There is one problem, though. If we get a failure on part 2 of the processing (like if there's an invalid dimension key in a fact table) then that failure rolls back the entire transaction, not just the stuff being processed during part 2. Wondering if there's a way around this. I can walk you through reproducing this against Adventure Works:
First, change the query binding of the Reseller_Sales_2004 partition of the Reseller Sales measure group to be:
SELECT [dbo].[FactResellerSales].[ProductKey],-999 as OrderDateKey,[dbo].[FactResellerSales].[DueDateKey],[dbo].[FactResellerSales].[ShipDateKey],[dbo].[FactResellerSales].[ResellerKey], [dbo].[FactResellerSales].[EmployeeKey],[dbo].[FactResellerSales].[PromotionKey],[dbo].[FactResellerSales].[CurrencyKey],[dbo].[FactResellerSales].[SalesTerritoryKey],[dbo].[FactResellerSales].[SalesOrderNumber],[dbo].[FactResellerSales].[SalesOrderLineNumber],[dbo].[FactResellerSales].[RevisionNumber],[dbo].[FactResellerSales].[OrderQuantity],[dbo].[FactResellerSales].[UnitPrice],[dbo].[FactResellerSales].[ExtendedAmount],[dbo].[FactResellerSales].[UnitPriceDiscountPct],[dbo].[FactResellerSales].[DiscountAmount],[dbo].[FactResellerSales].[ProductStandardCost],[dbo].[FactResellerSales].[TotalProductCost],[dbo].[FactResellerSales].[SalesAmount],[dbo].[FactResellerSales].[TaxAmt],[dbo].[FactResellerSales].[Freight],[dbo].[FactResellerSales].[CarrierTrackingNumber],[dbo].[FactResellerSales].[CustomerPONumber]

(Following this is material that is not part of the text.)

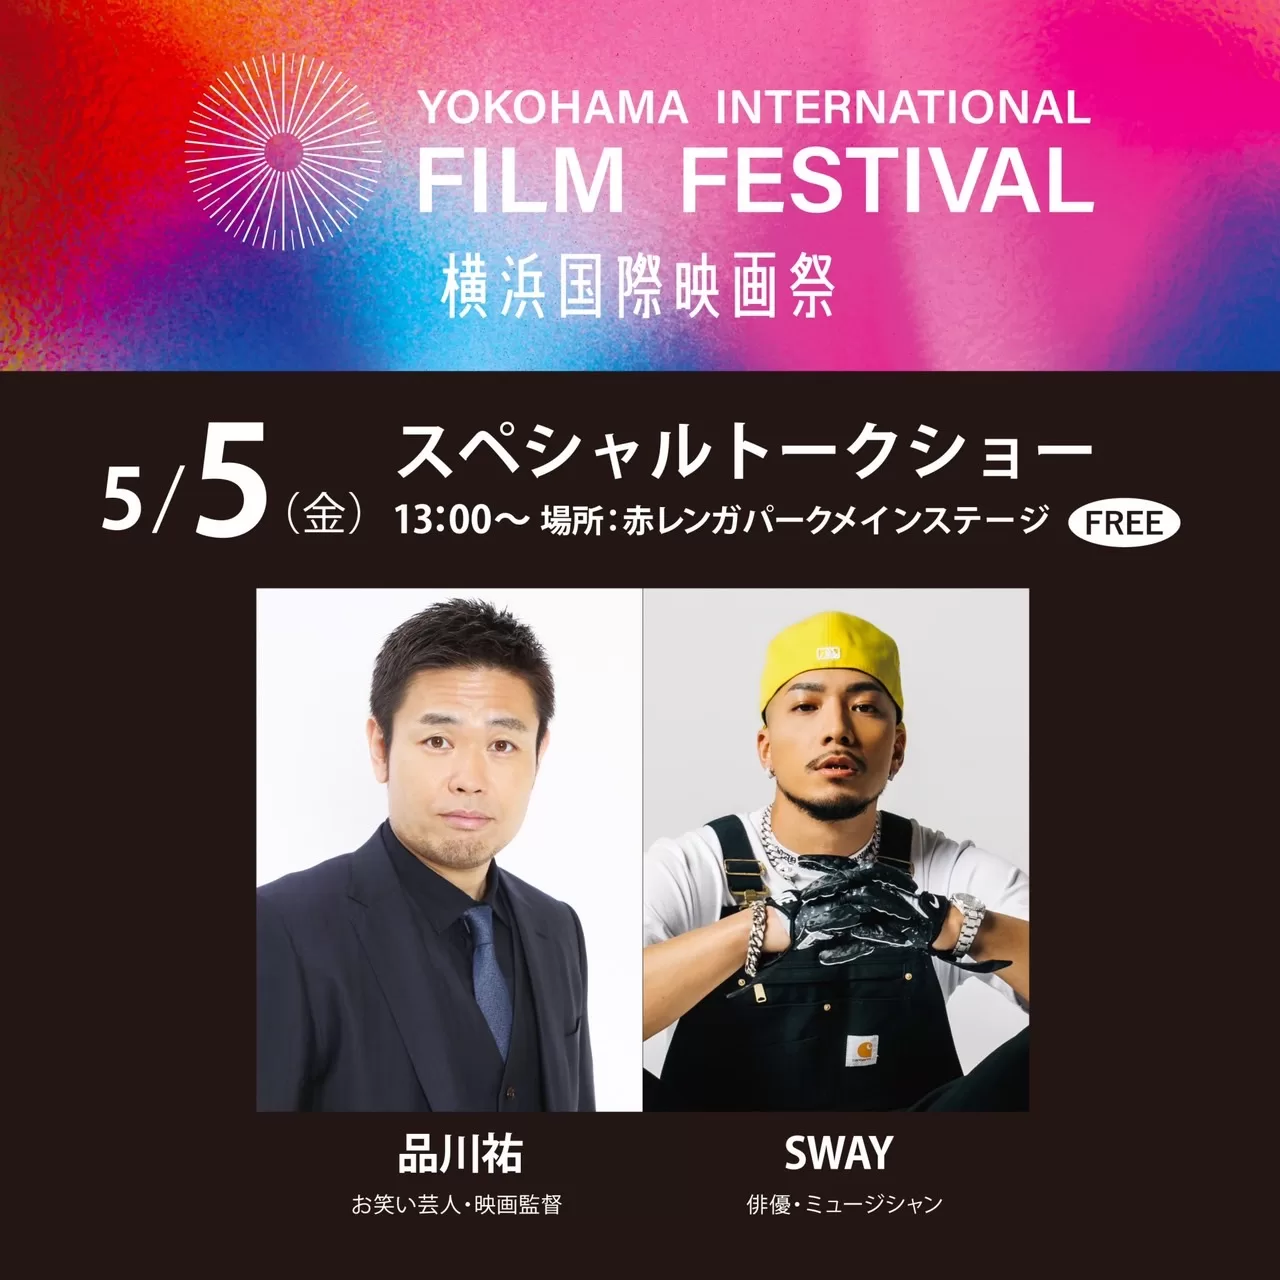 5月5日横浜国際映画祭 スペシャルトークショーにSWAY出演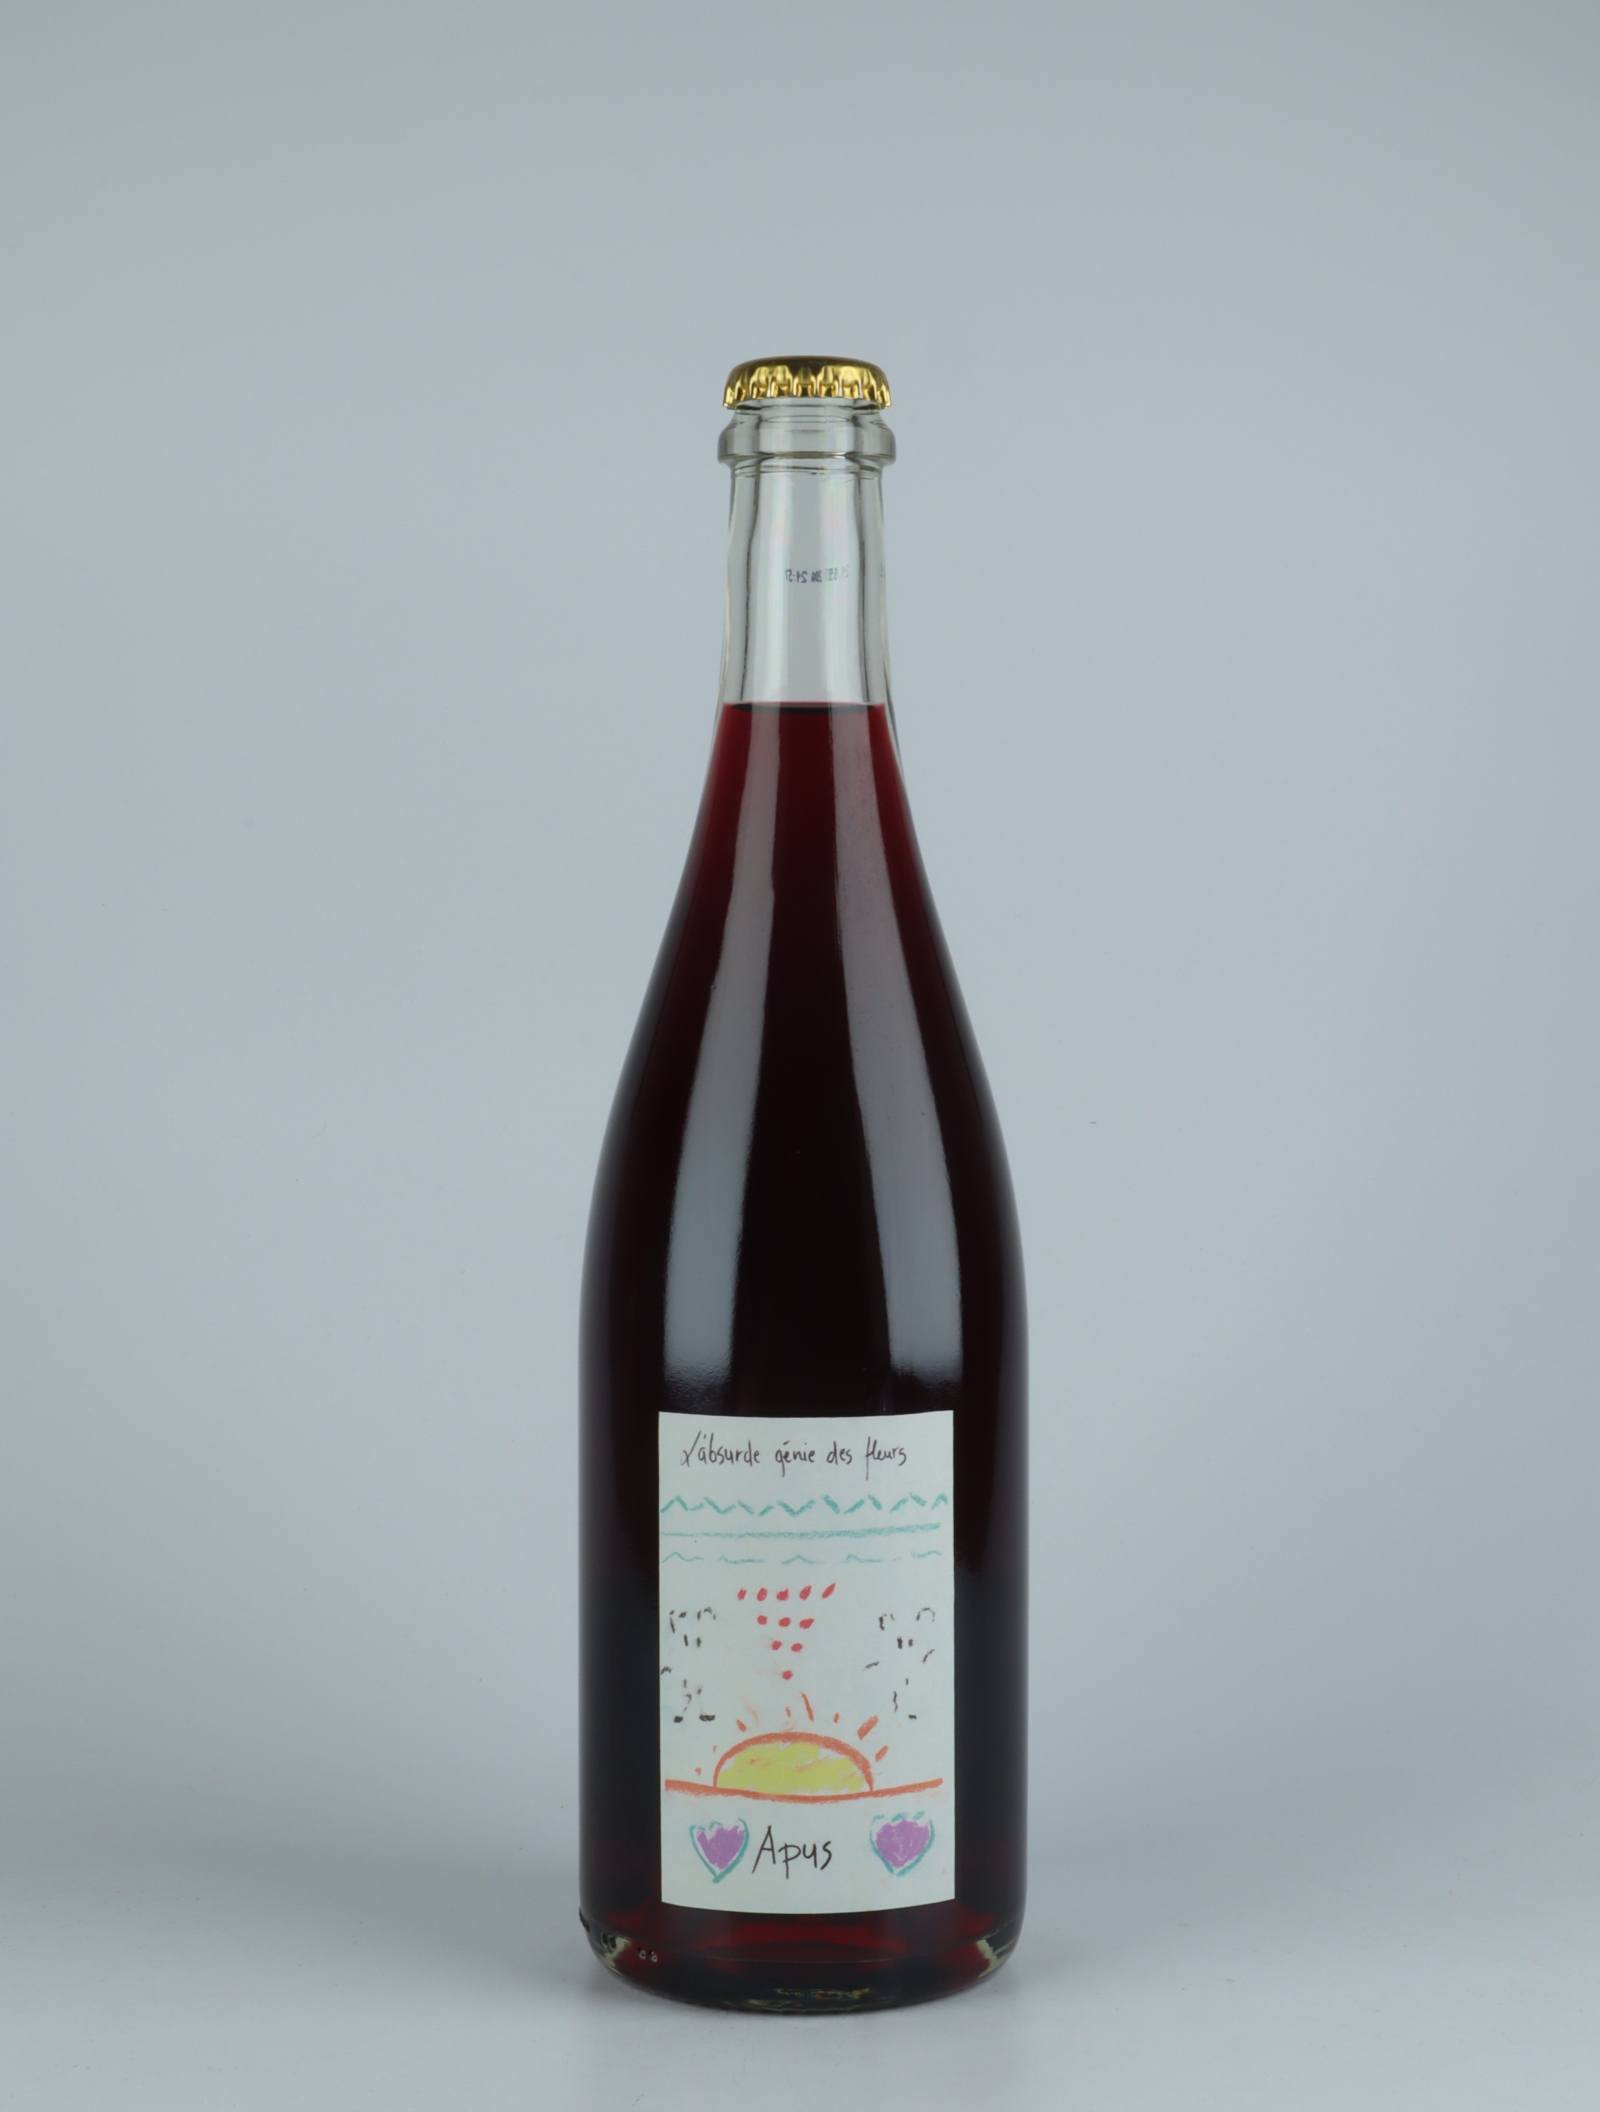 En flaske 2020 Apus Rødvin fra Absurde Génie des Fleurs, Languedoc i Frankrig

FROM [dbo].[FactResellerSales]
WHERE OrderDateKey >= '915' AND OrderDateKey <= '1280'
(Note that "-999 as OrderDateKey" will cause a failure.)
Second, pull up the directory contains the 2004 partition for Internet Sales. (On your computer it should be something like c:\program files\Microsoft SQL Server\mssql.2\OLAP\data\Adventure Works DW.0.db\Adventure Works DW.18.cub\Fact Internet Sales 1.18.det\Internet_Sales_2004.16.prt) After part 1 completes, you'll see the number of files in this directory double. After part 2 fails, you'll see those new files disappear as the transaction was rolled back.
Then, compile a little VB.NET app, put a breakpoint on the Sleep command so you can see the number of files in that 2004 partition directory double. Then run it:
Public Shared Function Main(ByVal args As String()) As Integer
Dim sServer As String = "localhost"
Dim sDatabase As String = "Adventure Works DW"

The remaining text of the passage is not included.